There's a few errors in the data files, but they are fairly easy to fix (if I can, anyone can).


----------



## Astalanya (Apr 19, 2005)

I've taken a look at SpellGen and this is precisely what I've needed as a resource. Thanks!


----------



## EPRock (Apr 19, 2005)

There may be a few issues with the spells in spellgen, but there are a few groups out there which have been working on adding additional datasets, and datasets are easy to install. If you can right click on a link and go save as you can save a dataset.

Look on the site as it has a link to the Message Boards.


----------



## Wonko the Sane (Apr 19, 2005)

A word of warning though:  some of the spell effects in the output have errors, fortunately they are relatively easy to fix in the editor that comes with it.


----------



## Brain (Apr 19, 2005)

Yeah, I noticed that with Melf's Acid Arrow.


----------



## Erywin (Apr 24, 2005)

Has anybody found anything like this for feats?  I am kinda getting tired of looking at 10+ books for feats to make up NPCs and characters.  Thanks in advance.

-E


----------



## Wonko the Sane (Apr 24, 2005)

Well, there's this:


----------



## RObiN-HoOD (Apr 24, 2005)

Whatever the case, it is indeed one of the best programs out there. If we could have it updated every now and then it would be excellent!


----------



## silvermane (Apr 24, 2005)

Wonko the Sane: in case you don't know, the above file was produced by one of the leads of the RPG pirate scene. Just wanted to point a little irony of fate...


----------



## Wonko the Sane (Apr 25, 2005)




----------



## JimAde (Apr 25, 2005)

silvermane said:
			
		

> Wonko the Sane: in case you don't know, the above file was produced by one of the leads of the RPG pirate scene. Just wanted to point a little irony of fate...



 Really?  Who, specifically, are you referring to?  I'm not aware of any of these people having that reputation, but I don't know them all.


----------



## silvermane (Apr 25, 2005)

Well, his e-mail is on the front page of the sheet (and contains the nick he uses on IRC).
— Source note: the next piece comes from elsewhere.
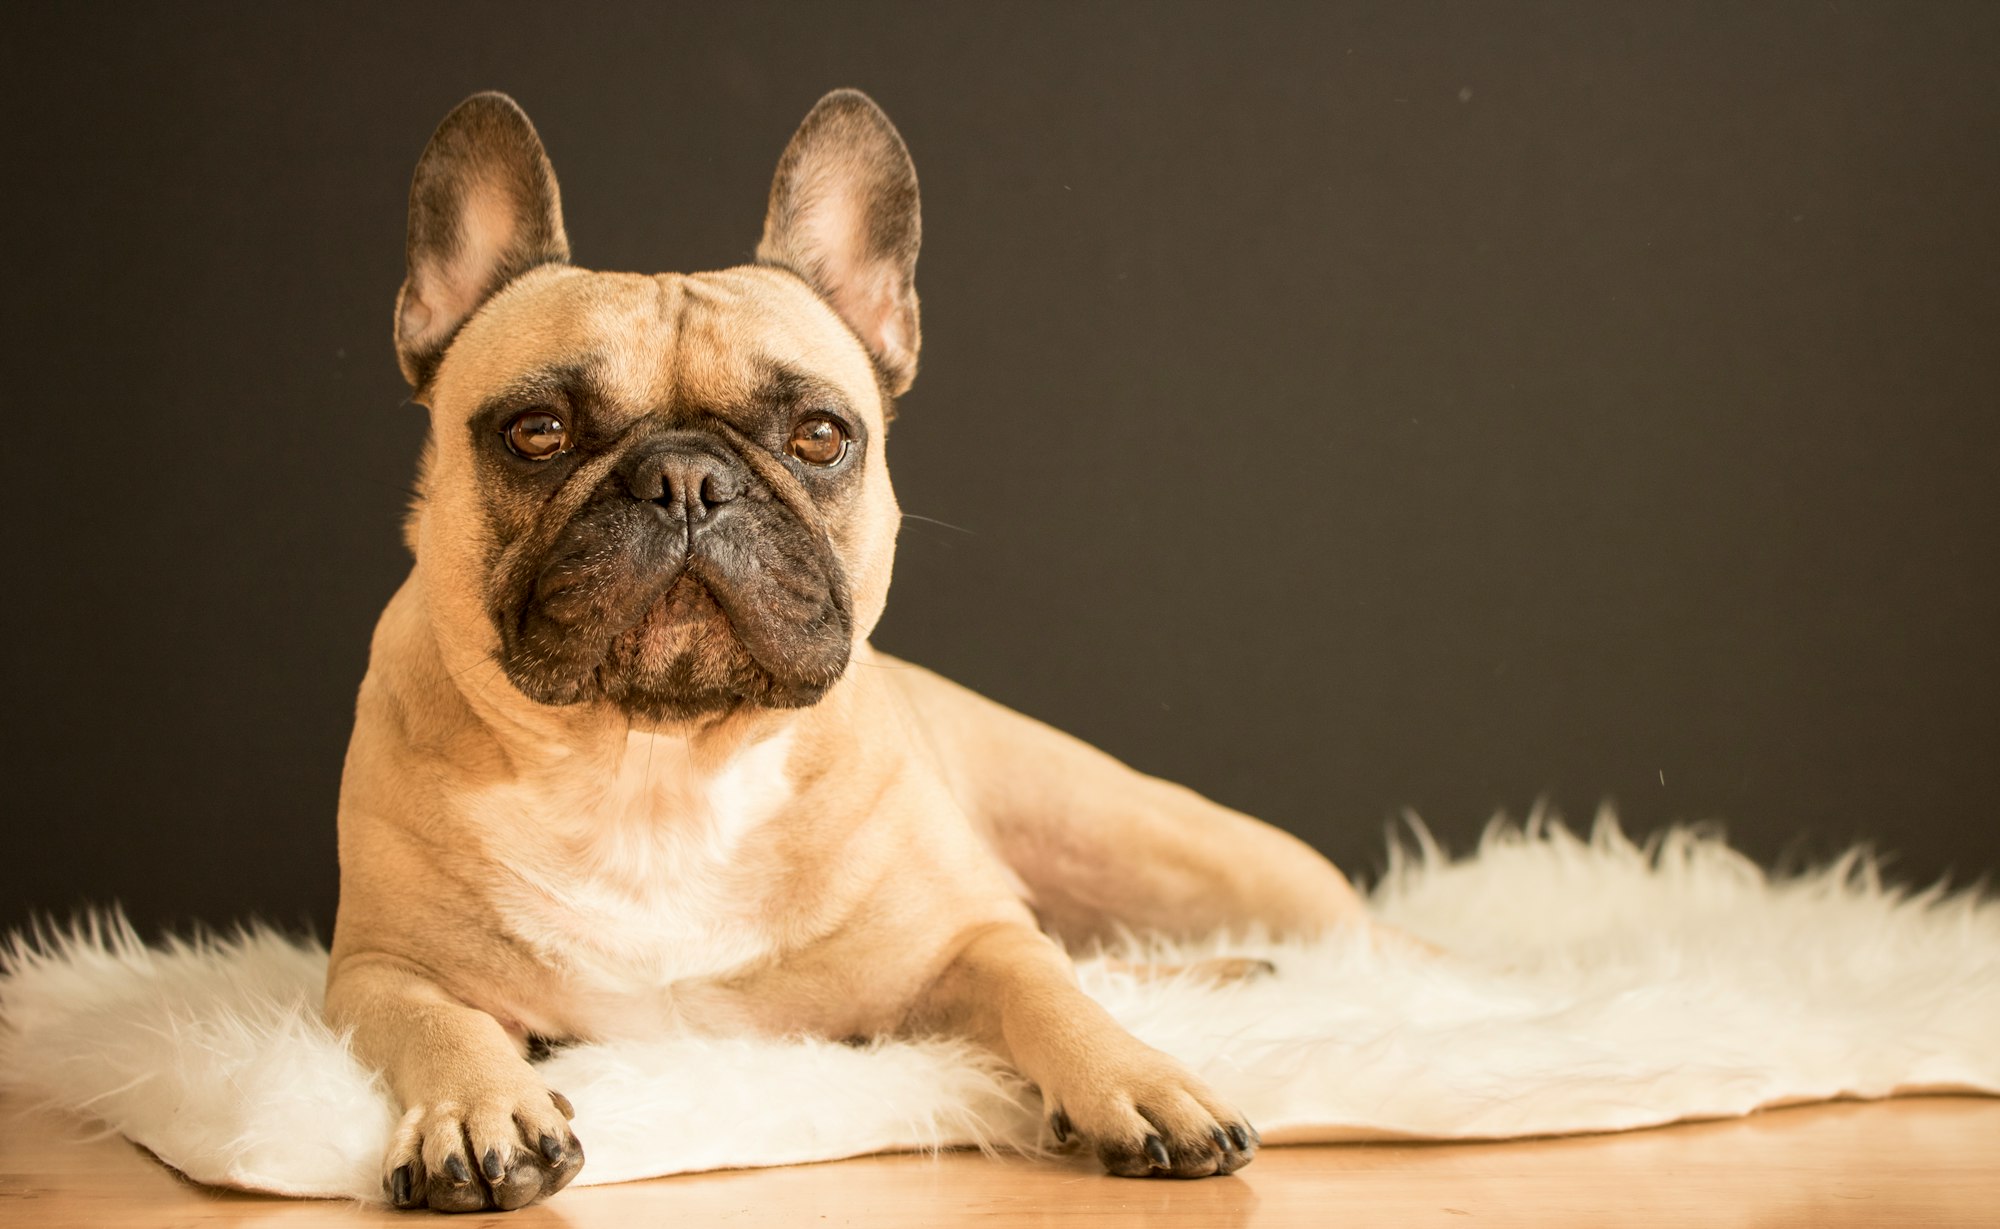 French Bulldog posing on a fur rug

Actually I don't know how much a "lead" he is. All I know is that he runs a fairly big IRC server of you-know-what.

If not for the fact that he's my compatriot, I probably wouldn't have bothered to mention him...


----------



## JimAde (Apr 25, 2005)

Ok.  Thanks for the info.


----------



## Eternalknight (Apr 27, 2005)

Well, I'm the original creator of it, but I don't maintain it anymore.  Still, with my name on it, I'd like ot think I'm not associated with any piracy issues.  Just wanted to clear that up.


----------



## Salcor (May 1, 2005)

*Another way to install Spellgen*

I was wondering if there is another way to install spellgen. For some reason the install is saying that I don't have MS .Net framework 1.1.?????, and microsofts update site is telling me that my system has the current updated framework, so I cannot install it. Can anyone help out?


Salcor


----------



## Wonko the Sane (May 1, 2005)

Try uninstalling the .NET framework, then reinstalling.

Just a guess...


----------



## RuminDange (May 2, 2005)

Salcor said:
			
		

> I was wondering if there is another way to install spellgen. For some reason the install is saying that I don't have MS .Net framework 1.1.?????, and microsofts update site is telling me that my system has the current updated framework, so I cannot install it. Can anyone help out?
> 
> 
> Salcor




Also make sure you are the administrator on the computer.  Sometimes things like this are related to permissions to access the framework.

RD


----------